My colleague Tryg, who, like me, loves word play, drew my attention to this podcast* that explains how “By Their Words You Shall Know Them.”  I teed it up on my smart phone and listened on my way to work yesterday—a fun way to pass my half hour commute into Minneapolis from my home in Stillwater, Minnesota.  One thing that caught my ear was the early 1960s work by Harvard statistician Frederick Mosteller to pin down who wrote 12 of the 85 Federalist papers published under the pen name “Publius”.  He and colleague David Wallace (University of Chicago) applied Bayes; theorem to attribute these writings to James Madison (as opposed to Alexander Hamilton).  Mosteller also led the way to today’s reliance on statistics in sports by doing the first known academic analysis of baseball in 1946—concluding that luck rules even in a seven game World Series.  He didn’t agree that, though the Cardinals beat his home town Red Sox, the best team actually won.

This analytical dissection of written words has come to be known as “stylometry”.  As computing power increases and algorithms develop, writings are being put to the test.  For example, see this New York Times Digital Domain column from earlier this month that details developments in ‘essay-scoring engines’.  For now the students hold the upper hand on computer-based grading of papers—web-based essay mills can easily throw together fact-laden gibberish that fools the virtual professors.  These are easily seen by teachers when they skim the results—check out some goofy passages passed along by Duke University professor Dan Ariely in this editorial for the Los Angeles Times .

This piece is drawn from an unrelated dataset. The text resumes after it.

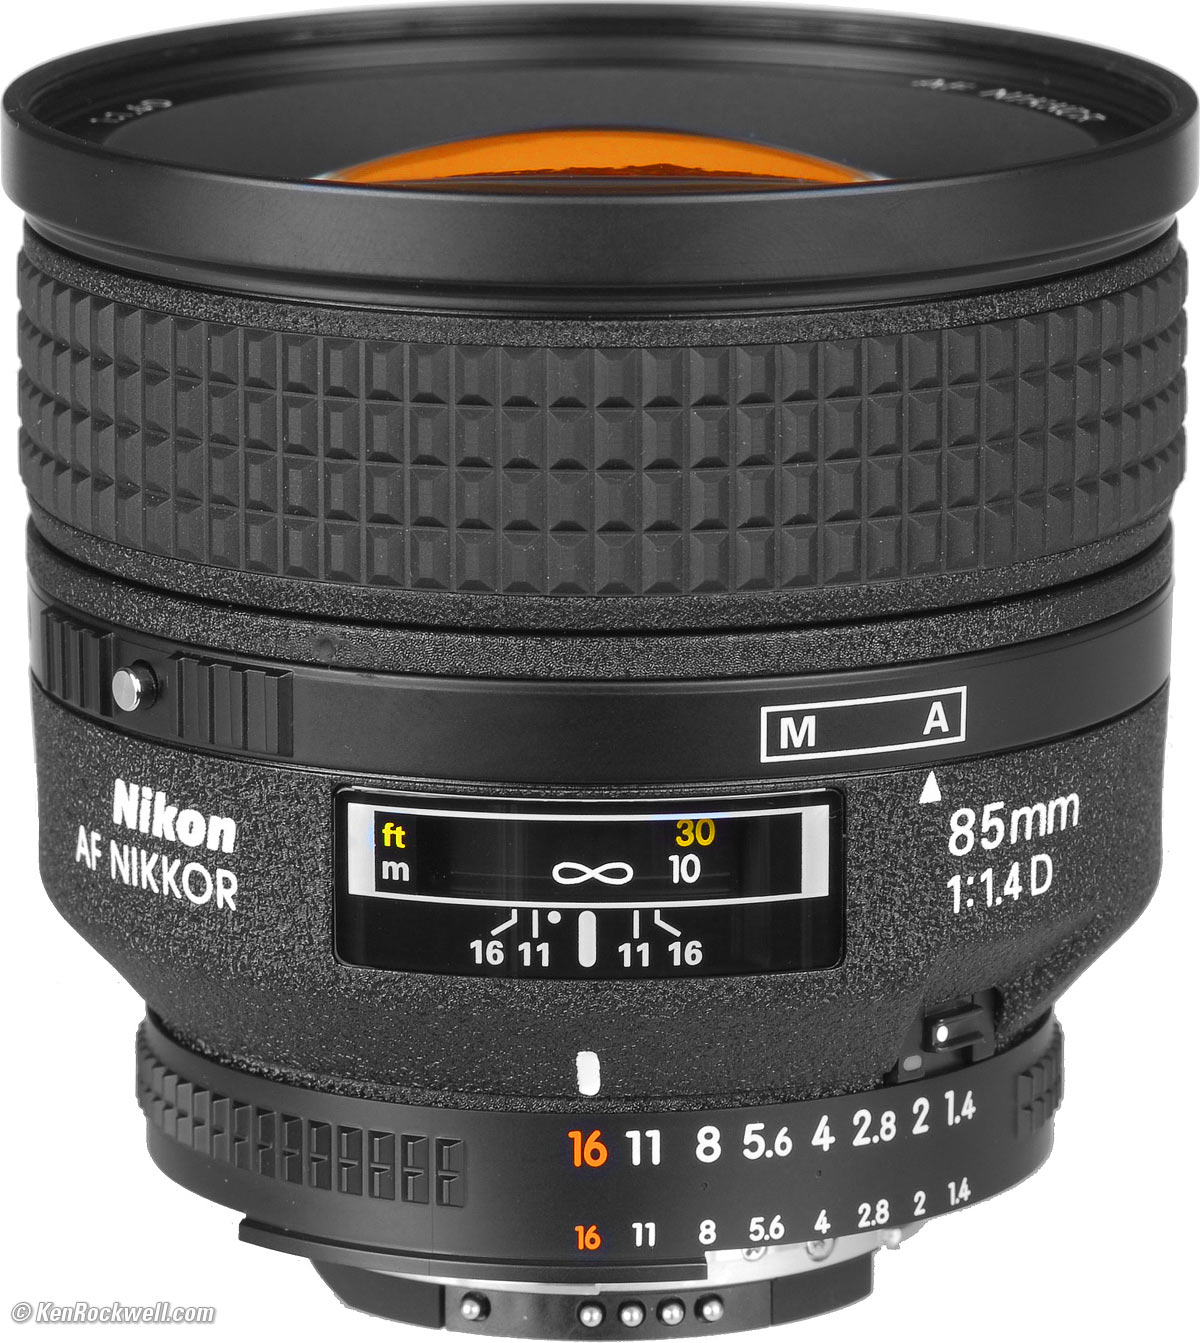 Nikon 85mm f/1.4 D AF Review

The advent of spell-checking and grammar inspection in word processors has been a boon for writers.  However, passing these tests does not necessarily lead to clear prose.  When I started work as an engineer, the head of our process development group handed me a little booklet by Robert Gunning on “How to Take the Fog Out of Writing”.  He advocated short, active sentences—not the passive, long and pedantic style I’d grown accustomed to from academia.  See how your writing scores for fog using this online tool by Simon Bond.  The quote below scored 20.86.  This paragraph came back with a fog index of 9.152 (up to this clause to be precise!).  Gunning’s score estimates the years of formal education needed to understand text on a first reading.  Thus my writing supposedly can be understood by 10th grader.  Draw your own conclusions on the readability of our founding fathers.

“As there is a degree of depravity in mankind which requires a certain degree of circumspection and distrust, so there are other qualities in human nature which justify a certain portion of esteem and confidence.”

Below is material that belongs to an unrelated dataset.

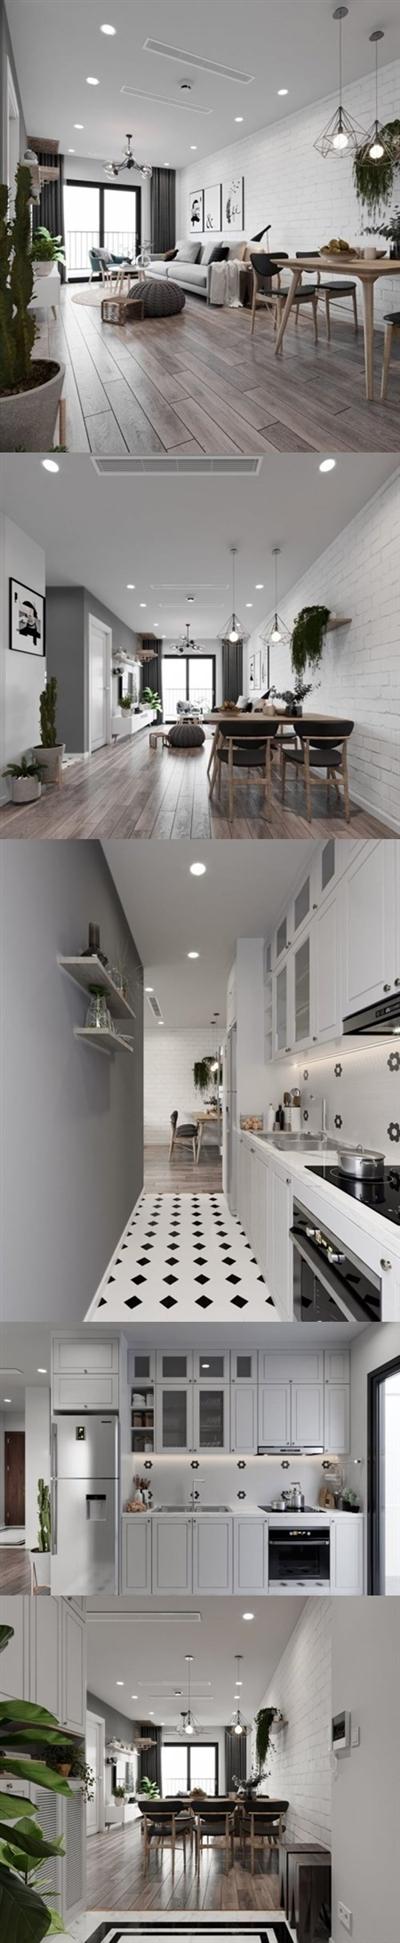 Kitchen - Livingroom Scene

– Madison, Federalist Papers #55, 346

*By online Slate magazine’s Lexicon Valley host Mike Vuolo

Do narrower columns hold up better for body of written work?

Pat Whitcomb came across a very intriguing article in the February ’07 issue of Training & Development magazine that says keeping line lengths shorter makes text easier to read and remember.* (Hmmm – did this asterisk cause you to reflexively glance to the footnote and interrupt your train of thought? Sorry about that!) IBM researchers evaluated paragraphs at 40 percent screen width versus 80 with a device that measures eye-gaze tracking. They found that narrow columns were more comprehensible and required less re-reading. However, this came at the cost of “paragraph abandonment,” a shift by readers to skimming completely over segments of text.

What’s telling to me, is that the IBM web page on this research (linked above) displays text in a single, wide column. I like this wider style for displaying text on my computer because I can then scroll line-by-line and not be forced to go back up again as required with two columns side-by-side. For example, see this latest edition of the Minnesota Section ASQ newsletter. Notice how it shifts format from one column to two. Observe how you read these. Which do you prefer?

My preference is to print pieces written in two-column format and then use my finger as a guide to maintain focus on the line of text. I picked this up from a business colleague years ago after he took a speed-reading course.

* “The Long and the Short of Learning” by Peter Orton, David Beymer and Daniel Russell.